YOUR OBJECTIVE:
The response should contain all of the data below, reproduced exactly, and no pictures.

GIVEN DATA:
==========

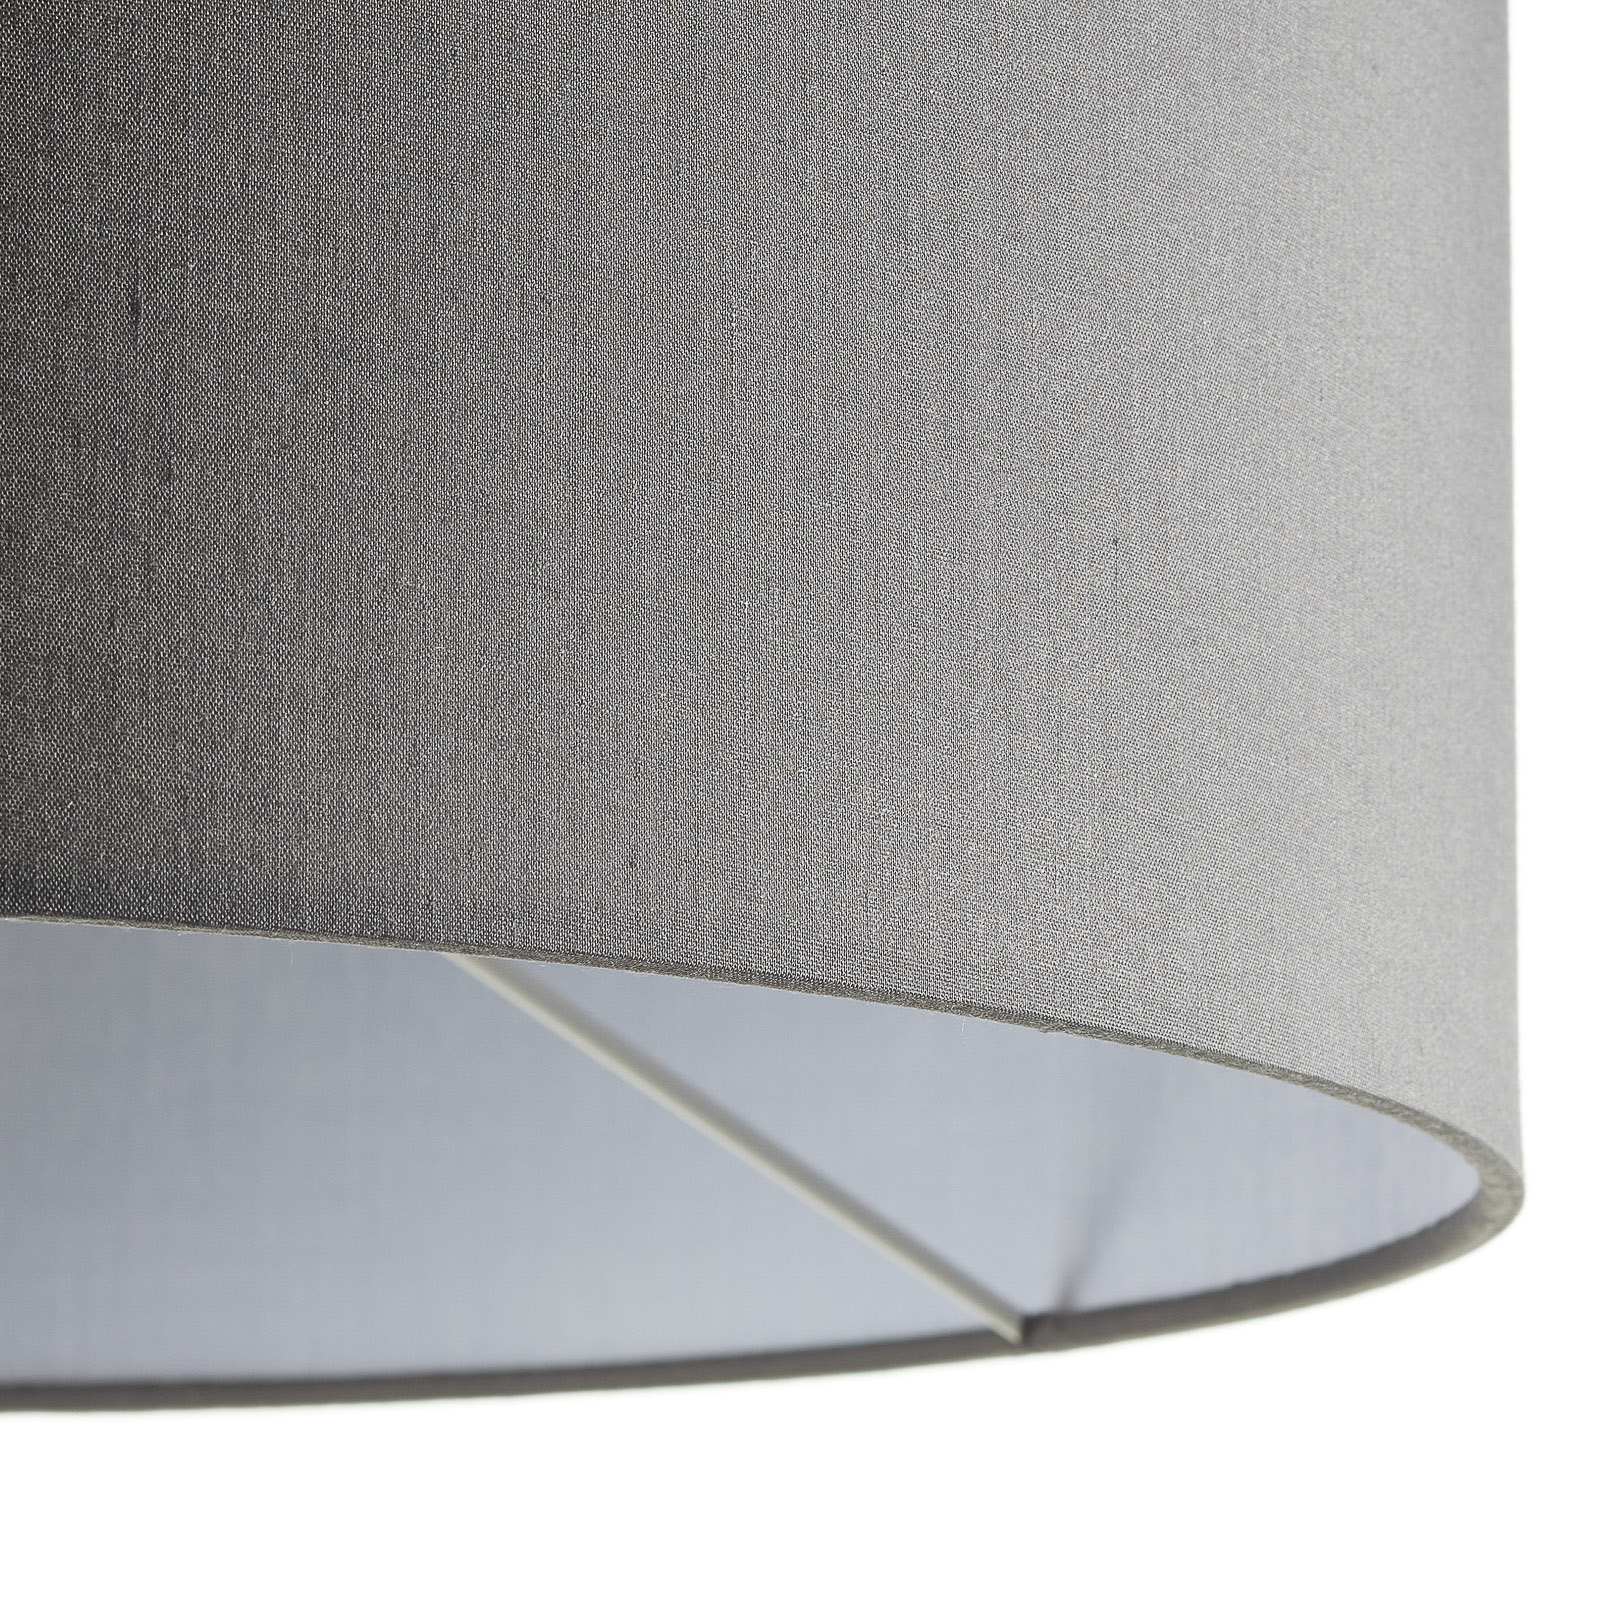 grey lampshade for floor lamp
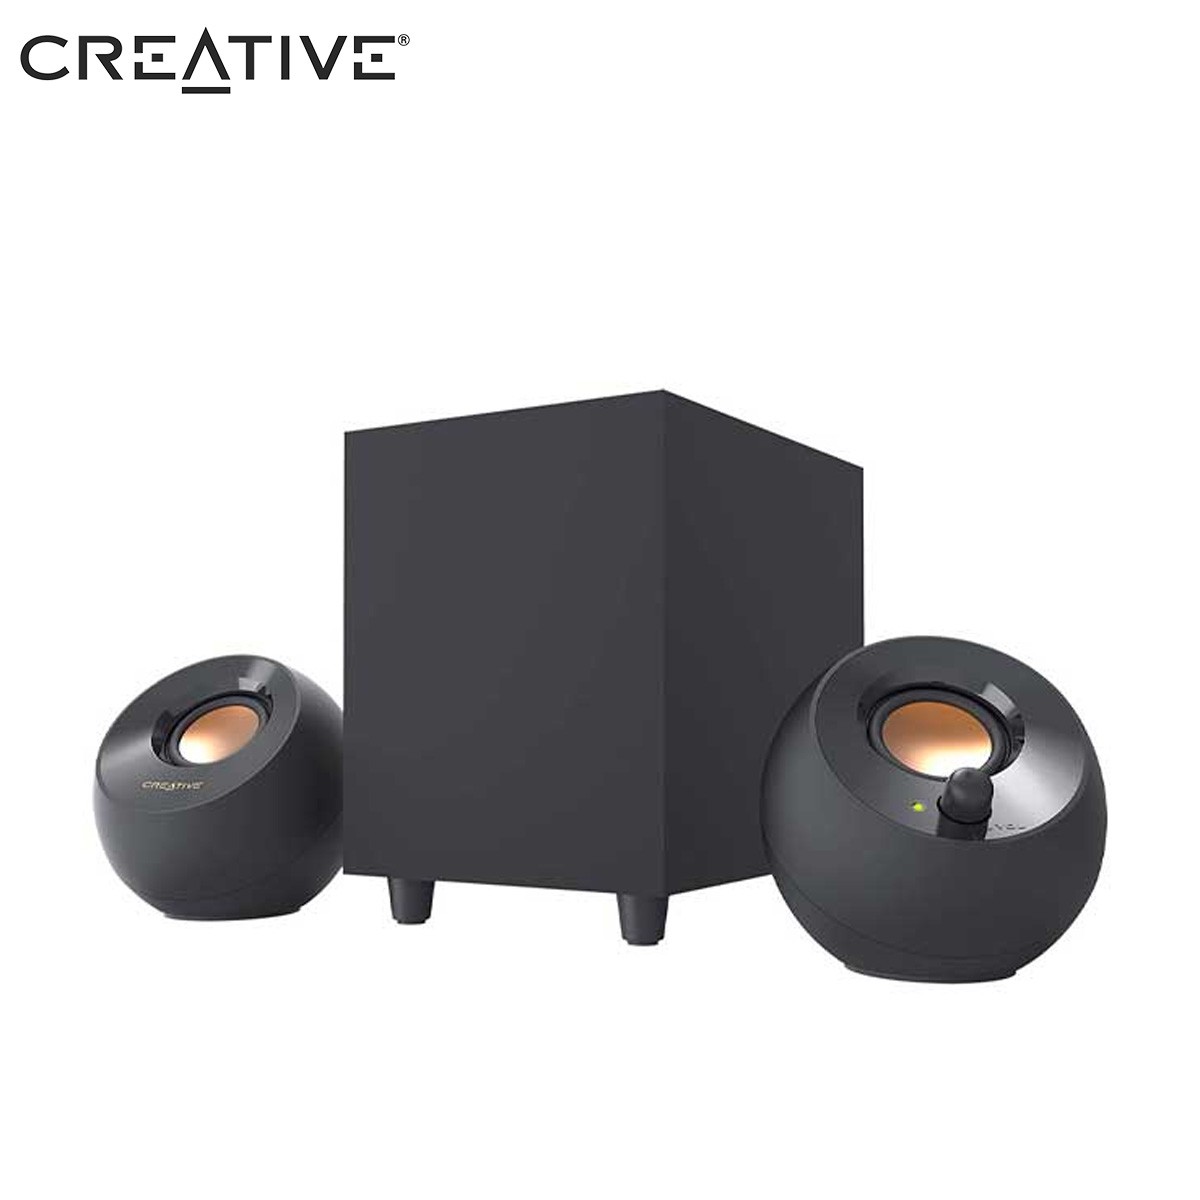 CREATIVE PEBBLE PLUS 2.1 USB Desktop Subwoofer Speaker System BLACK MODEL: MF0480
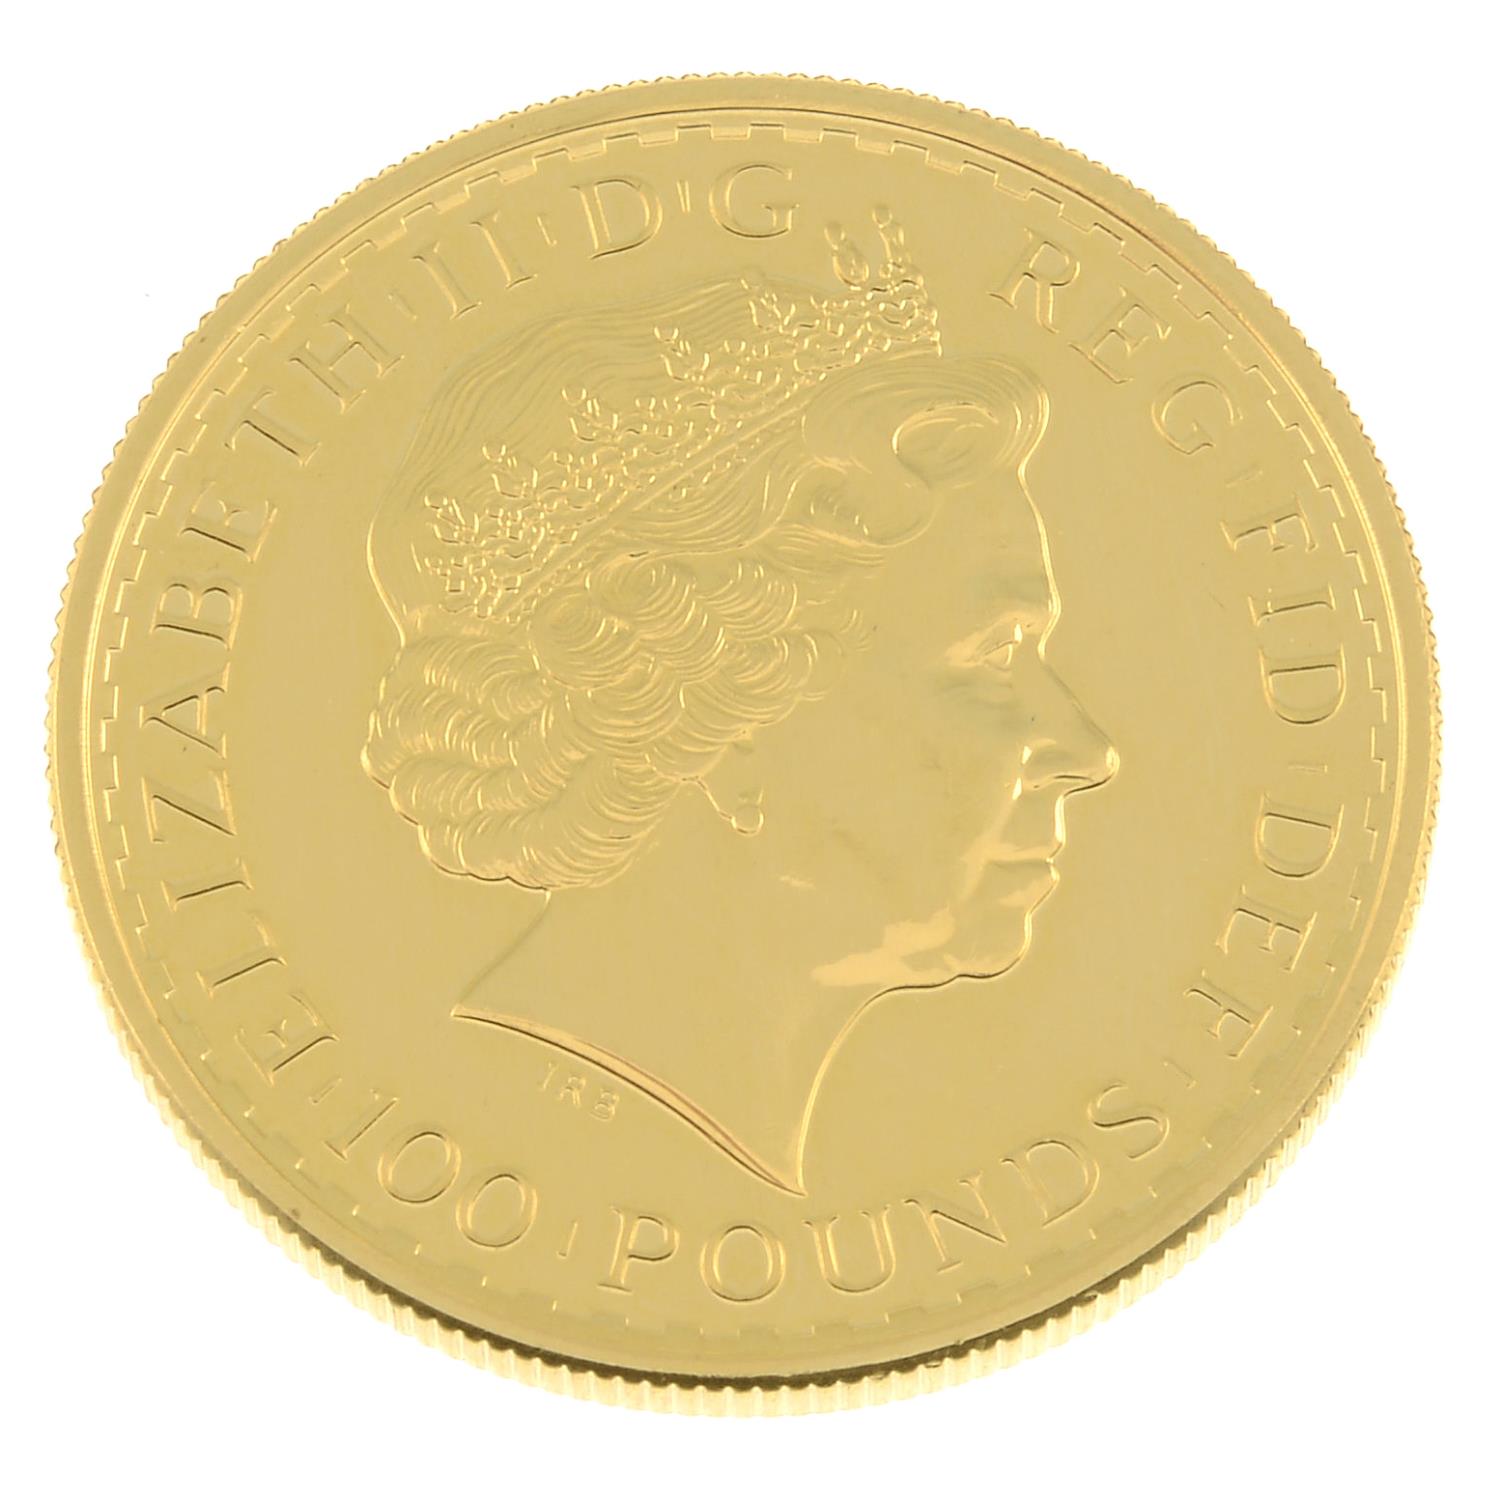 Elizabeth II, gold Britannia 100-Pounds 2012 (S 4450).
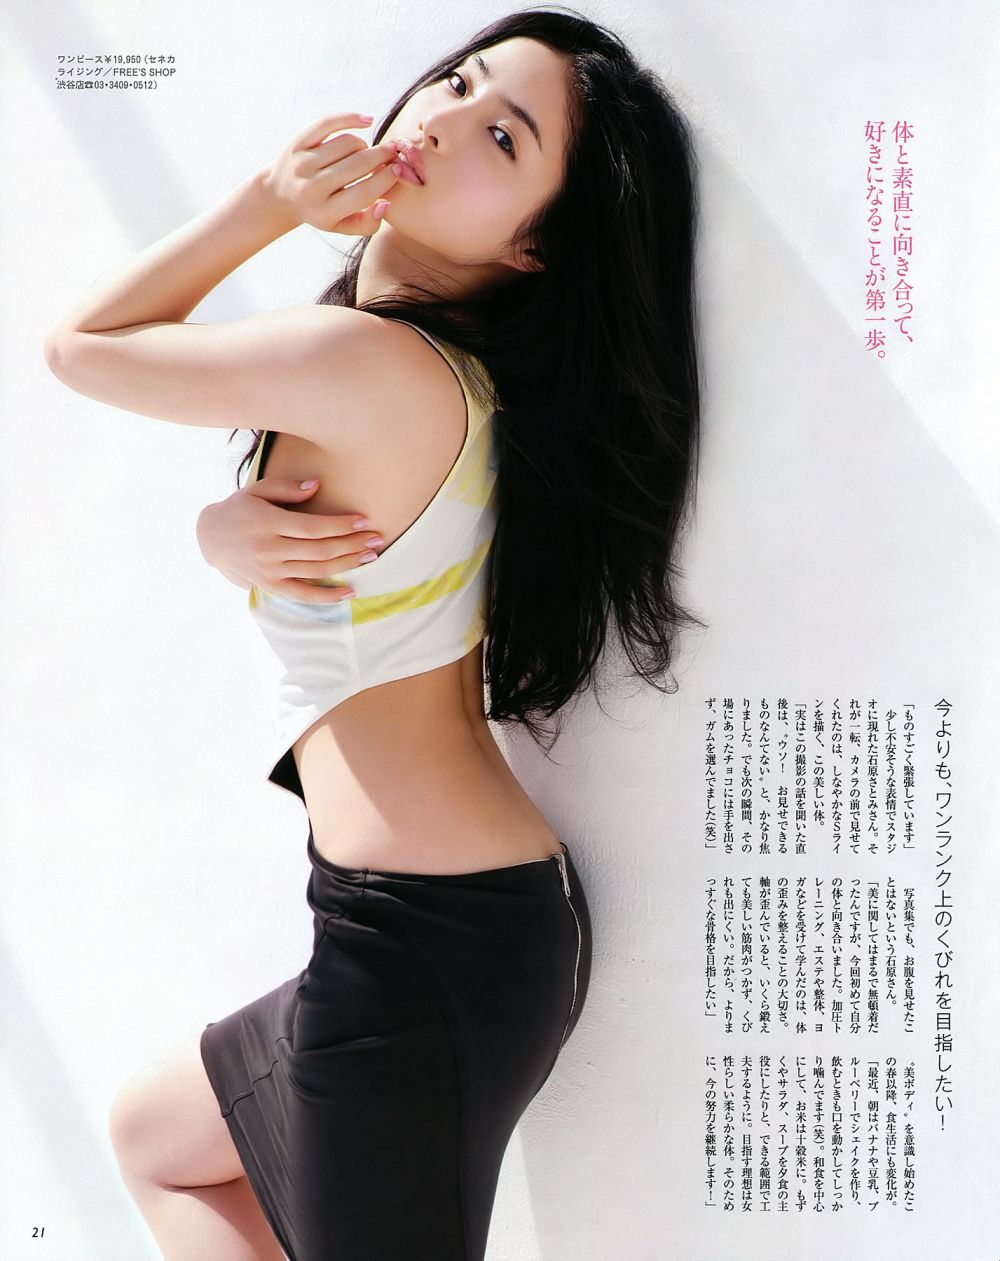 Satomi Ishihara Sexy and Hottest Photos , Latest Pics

==========

WORKED SOLUTION:
 grey lampshade for floor lamp
 CREATIVE PEBBLE PLUS 2.1 USB Desktop Subwoofer Speaker System BLACK MODEL: MF0480
 Elizabeth II, gold Britannia 100-Pounds 2012 (S 4450).
 Satomi Ishihara Sexy and Hottest Photos , Latest Pics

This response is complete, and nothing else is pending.